Your CDN is probably providing you a CHRglobal metric by default. But, you should expect your CDN to either give you both metrics or give you the means to easily calculate them yourself. Even if that’s not the case, there are ways to test for CHRedge that are, obviously, not as good as real user traffic metrics but should provide a good enough indication of how well your CDN is handling seldom-fetched, or long tail, cacheable content. So, our analysis of CHRedge here will come by way of a discussion about performance measurement via testing.
However, even though we’re now collecting data in more realistic conditions, we still insist on testing the same object over and over again. In fact, it’s extremely common practice to pick an image from the home page and feed that into the testing network to fetch repeatedly. So, it’s likely that the object is pretty hot to start with — and even if it isn’t, it’s likely that the volume of testing will turn it into a hot object.
In my previous post we talked about how CDN caching models tend to keep the hottest objects closer to edge. If we keep testing a very hot object, then what we’re really testing is the CDN’s footprint and not the CDN’s ability to cache and serve as much as possible from the edge, especially with large working sets and long tail content. So, this style of testing isn’t really testing content representative of your collective web assets and will seldom, if ever, give you an idea of your end-users’ overall performance experience in the real world. In other words, you think you’re testing how well a CDN will perform for all your content across all your apps, but what you’re really testing is the CDN's ability to serve a single, very hot object. Needless to say, those are two very different things!
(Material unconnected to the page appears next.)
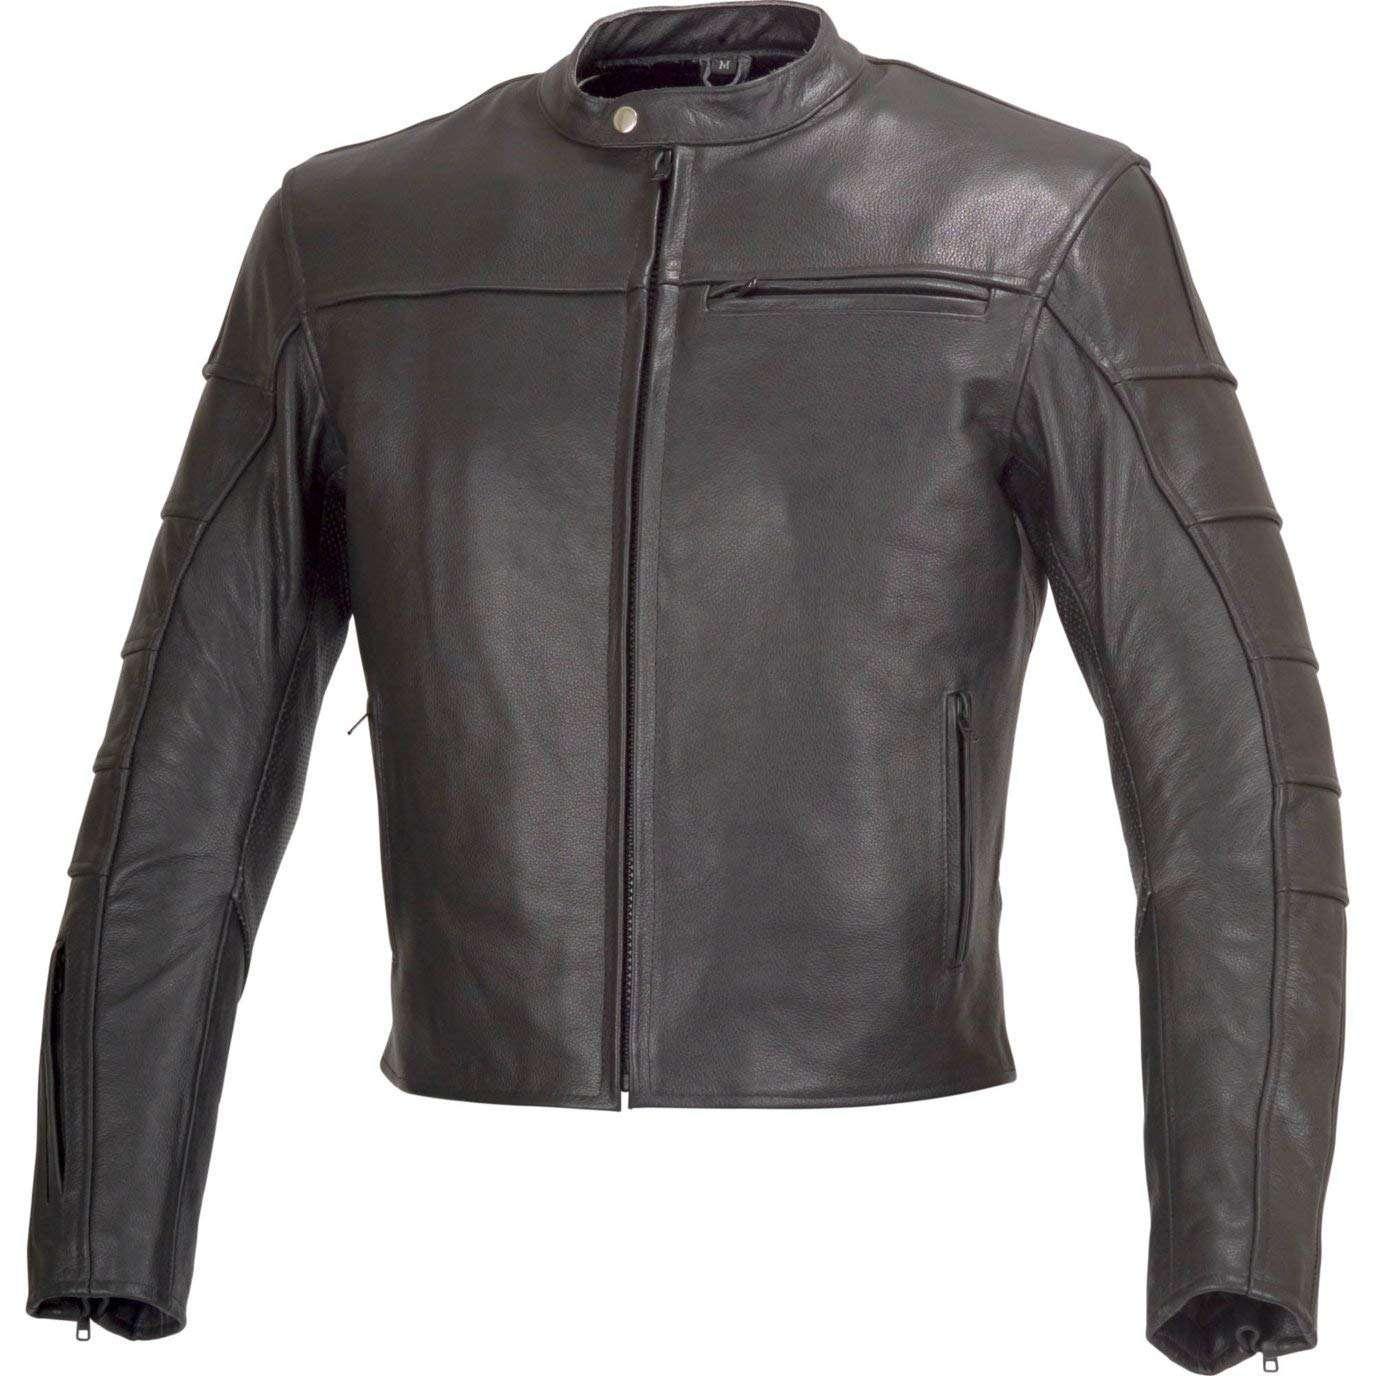 Motorcycle-Leather-Jacket-Cafe-Racer-Style-Black-4XL

I’ve done a couple of talks about the various mistakes some people make when measuring CDN performance, and in those talks I delve into a lot of these issues in detail. I don’t necessarily want to do that here, but I think this is a good point in the discussion of CHRs to see how proper testing can shed some light on how a CDN can actually perform for your content, across your entire working set.
One of the ways we test for this is by using the testing suite from our friends at Catchpoint. Specifically, we use Catchpoint’s “Last Mile” nodes which are essentially test machines deployed into homes, sitting behind real routers and real internet connections, testing while normal user traffic is flowing to and from the internet. This makes the tests experience a real user environment with normal bandwidth and latency constraints, yielding more realistic performance data than any testing with backbone nodes.
Using real-world conditions for testing is a must, but it isn’t enough on its own. Instead of testing the same object over and over again, we test a number of different objects, at varying frequencies. And the object being fetched is unique to the test node, so there’s no danger of one test priming the cache for another. The idea is to really understand how a CDN performs when something cacheable is fetched infrequently, which should expose how well objects are cached at the very edge of the network. If the CDN performs well across all test frequencies, that means caching at the edge is good for most content and we should expect a high CHRedge with real user traffic. If performance drops as the time interval increases, it means objects are falling out of the cache at the edge of the network more often and CHRedge would not be as high across large working sets.
We test at lots of different frequencies, but for this discussion I’ll show the results for:
All objects have very high time to live values (TTLs) set through Cache-Control headers, so they’re not supposed to be expiring from the caches during the test.
Let me pause for a second here and say that all the data below is based on lots of testing through multiple CDN vendors, including Fastly. My point here isn’t to bash any CDNs. My only goal is to show how performance is impacted if a CDN caches less at the very edge of the network. So, I’m presenting all the data anonymously and won’t talk about which numbers belong to which CDN — though I’ll point out which results belong to Fastly.
Here are some details about the data we’re about to discuss:
I won’t show all the data here, but here are a couple of CDNs that don’t seem to handle long tail content as well as they handle super hot objects:
In these charts, the data is being aggregated and the daily medians for TTFB are being plotted for each fetch frequency. We can see that CDN2 does slightly better than CDN1 for objects fetched every 12 hours, but suffers the same way as CDN1 for objects fetched once every 24 hours.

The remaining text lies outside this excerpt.